The Three-Stage Shape
<filters> | <pipe1> | <pipe2> | ... | <pipeN>
- Filters select logs. At least one required. Run first; downstream sees only matched logs.
- Pipes transform. Each reads previous-stage output, emits new rows. Reshape (
fields, rename), parse
(unpack_json, extract), aggregate (stats), limit (limit, sort).
- No final stage marker. Last pipe's output is the response.
Simplest valid query — one word, searched in _msg:
error
Returns every log containing error, in arbitrary order, across all time.

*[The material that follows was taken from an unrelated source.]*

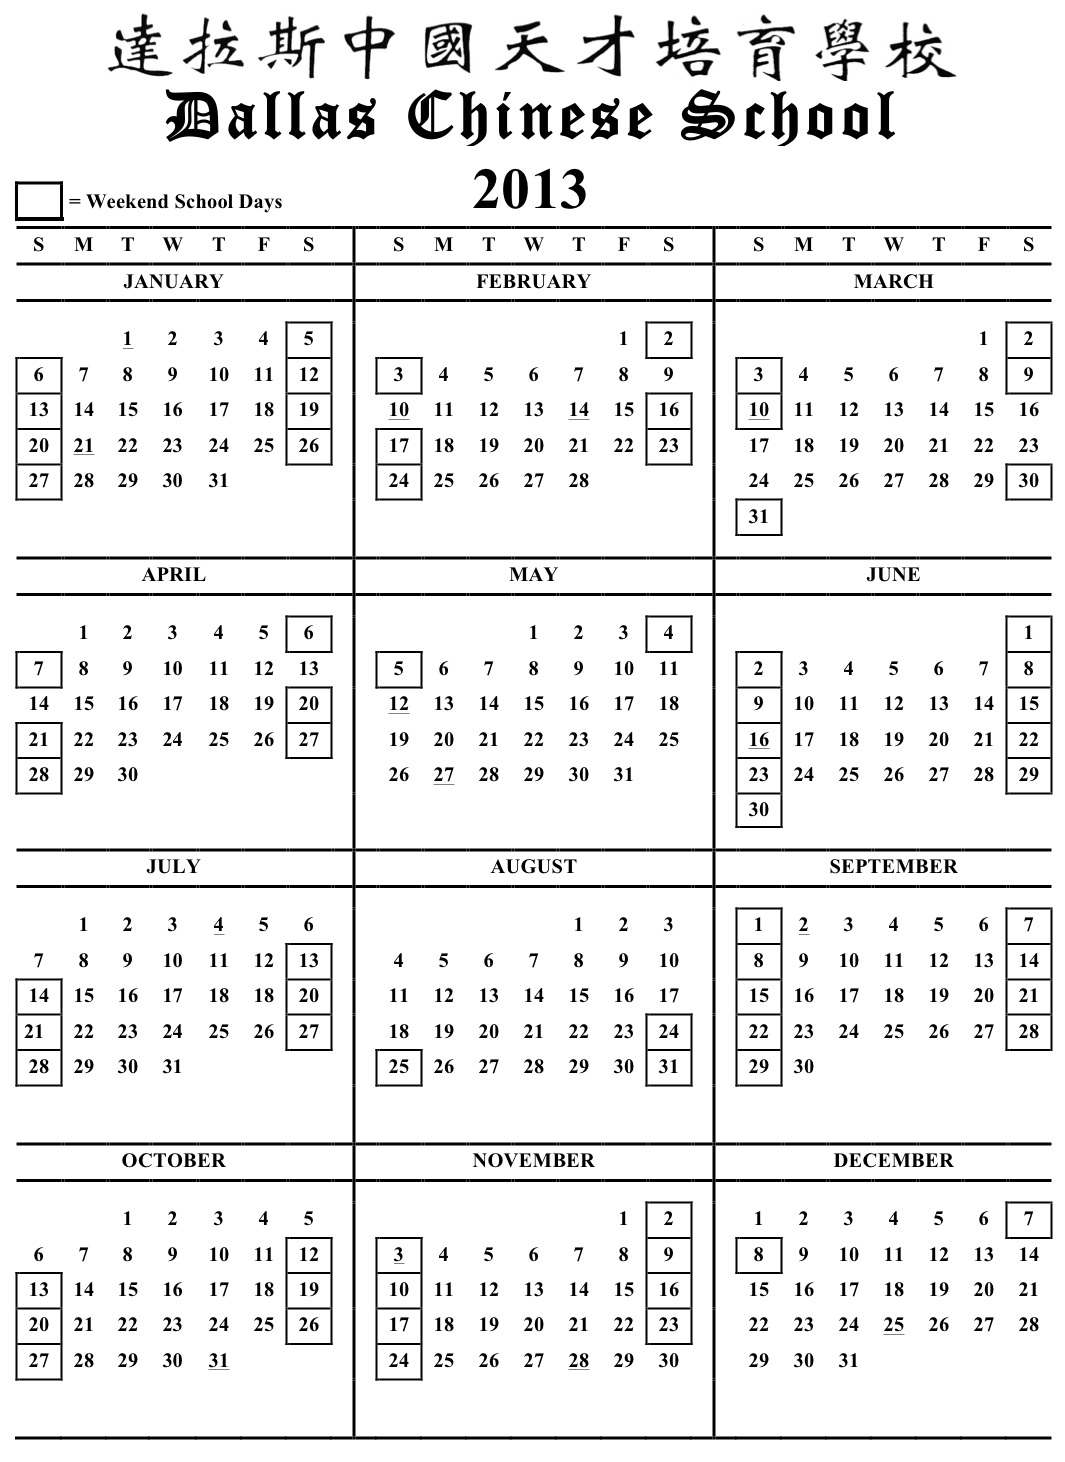 new 2013 calendar released  download 2013 spring registration form and register now   u2013 dallas

The _time Filter — Almost Always Required
Without _time, the query scans all stored logs.
Common forms:
_time:5m — last 5 minutes.
_time:1h — last hour.
_time:1d — last day.
_time:2.5d15m42.345s — composite duration.
_time:>=2024-01-01 — since.
_time:<=2024-01-01 — before.
_time:[2024-01-01, 2024-01-02) — closed-open range.
_time:2024-03-15T10:00:00+02:00 — exact RFC3339 with timezone.
Grafana plugin and web UI inject the dashboard time range. Don't add _time: in dashboard queries — disables time
picker. Do add it for ad-hoc API queries.
Stream Filter — The Performance Lever
Logs belong to streams — Prometheus-style label sets identifying the source. Use {...} braces with PromQL selector
syntax:
{app="nginx"}
{app="nginx", instance=~"web-.*"}
{app in ("nginx", "envoy")}
{app not_in ("buggy", "deprecated")}
Optional _stream: prefix: _stream:{app="nginx"}.
Performance: most aggressive pruning available. Restricts which on-disk blocks need reading. A precise stream filter
_time range may read 0.1% of what free-text alone would.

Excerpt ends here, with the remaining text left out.